# table saw routing for Delta 36-600



## kdlnet (Apr 23, 2009)

I have a contractor's Delta saw model 36-600. I would like to mount a router top flush with the table saw. Anyone have experience with this saw


----------



## BigJimAK (Mar 13, 2009)

Felix,

I don't have any experience with that saw but from the picture, it would appear that the right sheet metal table could be replaced with a piece of laminated MDF.. possibly a commercial table, depending upon dimensions. The key appears be to find the best way to mount the table to the rip fence rails without impeding their movement and with enough adjustment to align it with the table top. 

What I cannot tell from the Internet pictures is the weight of the saw vs. the width of the legs, to tell how far away from the edge of the table the router can be mounted and still be stable (not tend to fall over when you press down on the table, as the MDF table will be heavier than the sheet metal and then you add the router. 

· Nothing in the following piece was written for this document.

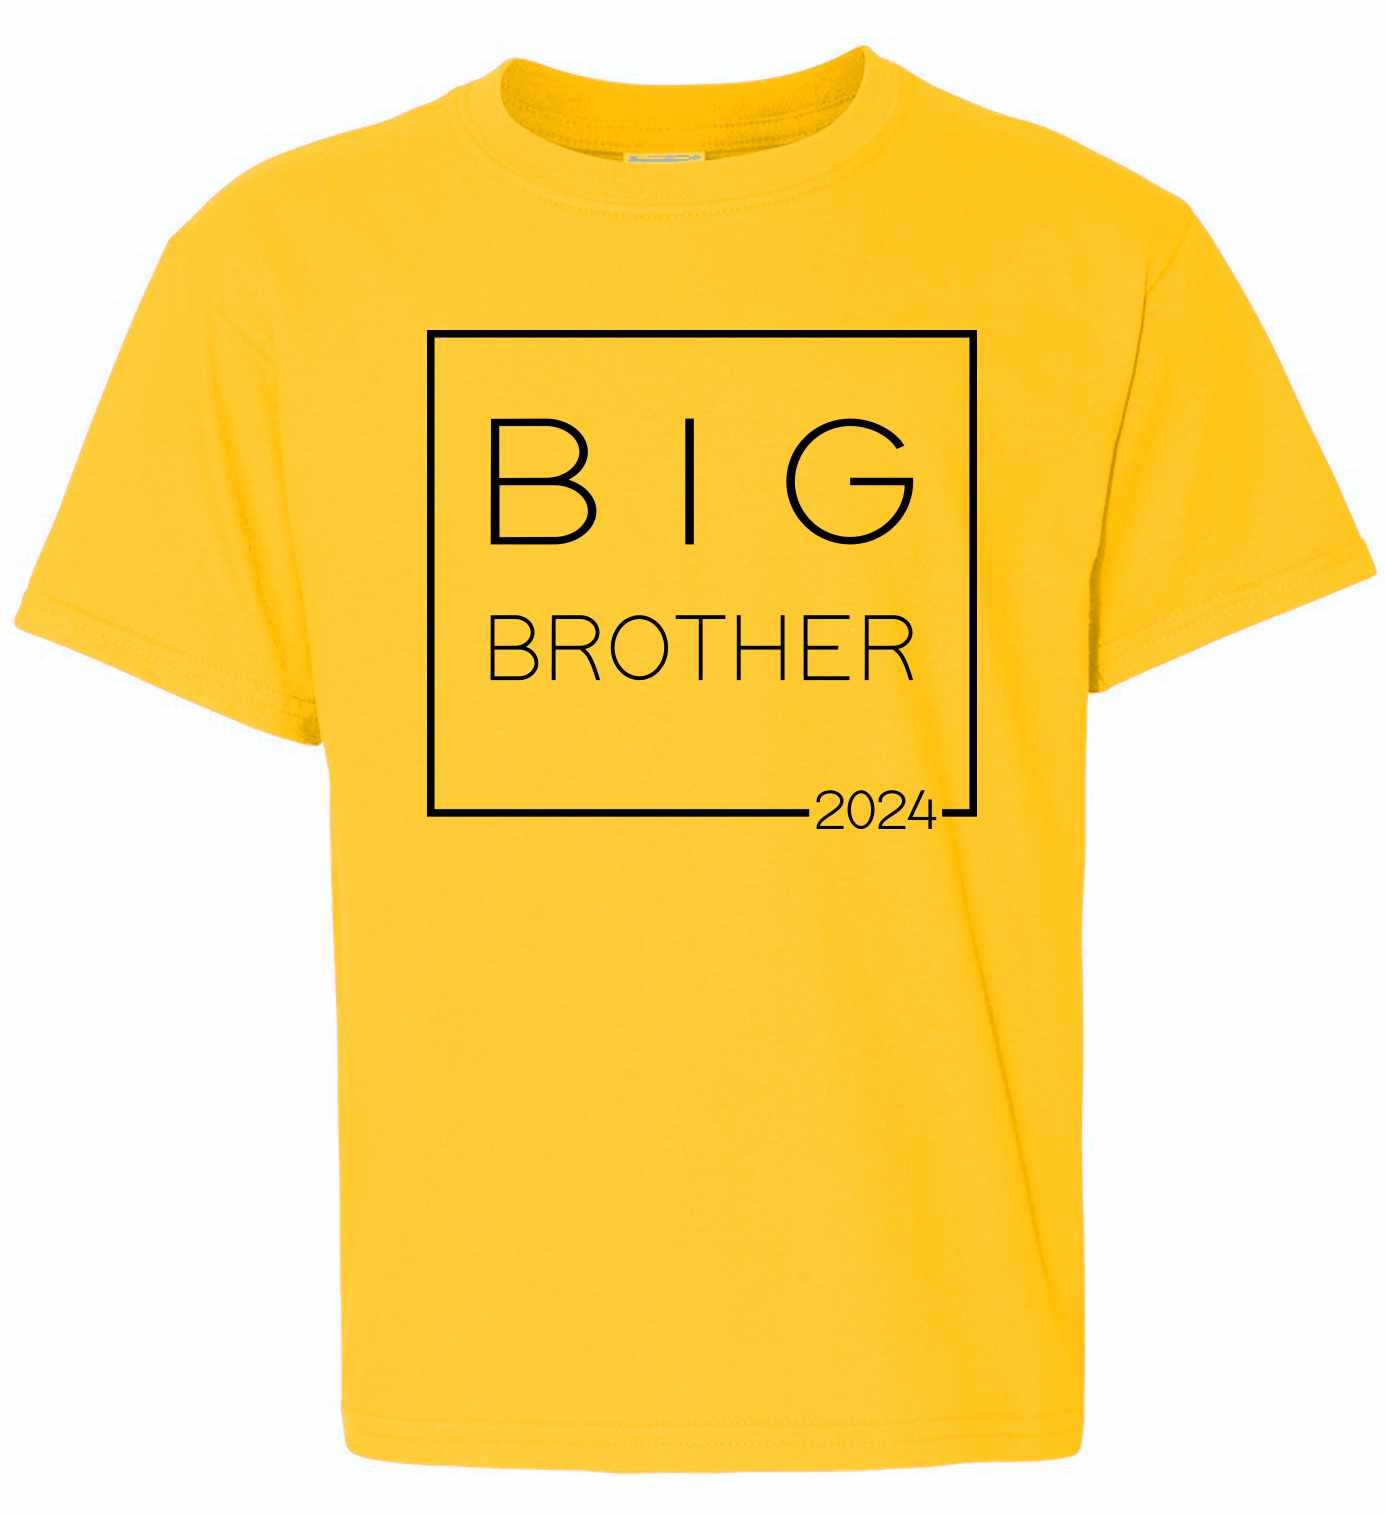 Big Brother Box 2024 on Kids T-Shirt

In a "dream world", you'd want it out far enough from the table saw to give you easy access to the side adjustment wheel with the router in place. If this isn't feasible due to the tendency to tip but it'd be OK if close, it could be mounted in a plate, with the router and plate lifted out for cutting or it may be feasible to mount the legs to a piece of plywood or other base and add weight to the base to stabilize the saw. You may want to consider the latter in any event.

Hopefully someone will respond who has the saw and can speak first hand to this; these are just my observations and attempt to be helpful based upon seeing a picture on the Internet.


----------



## Dr.Zook (Sep 10, 2004)

Welcome to the RouterForums Felix.


----------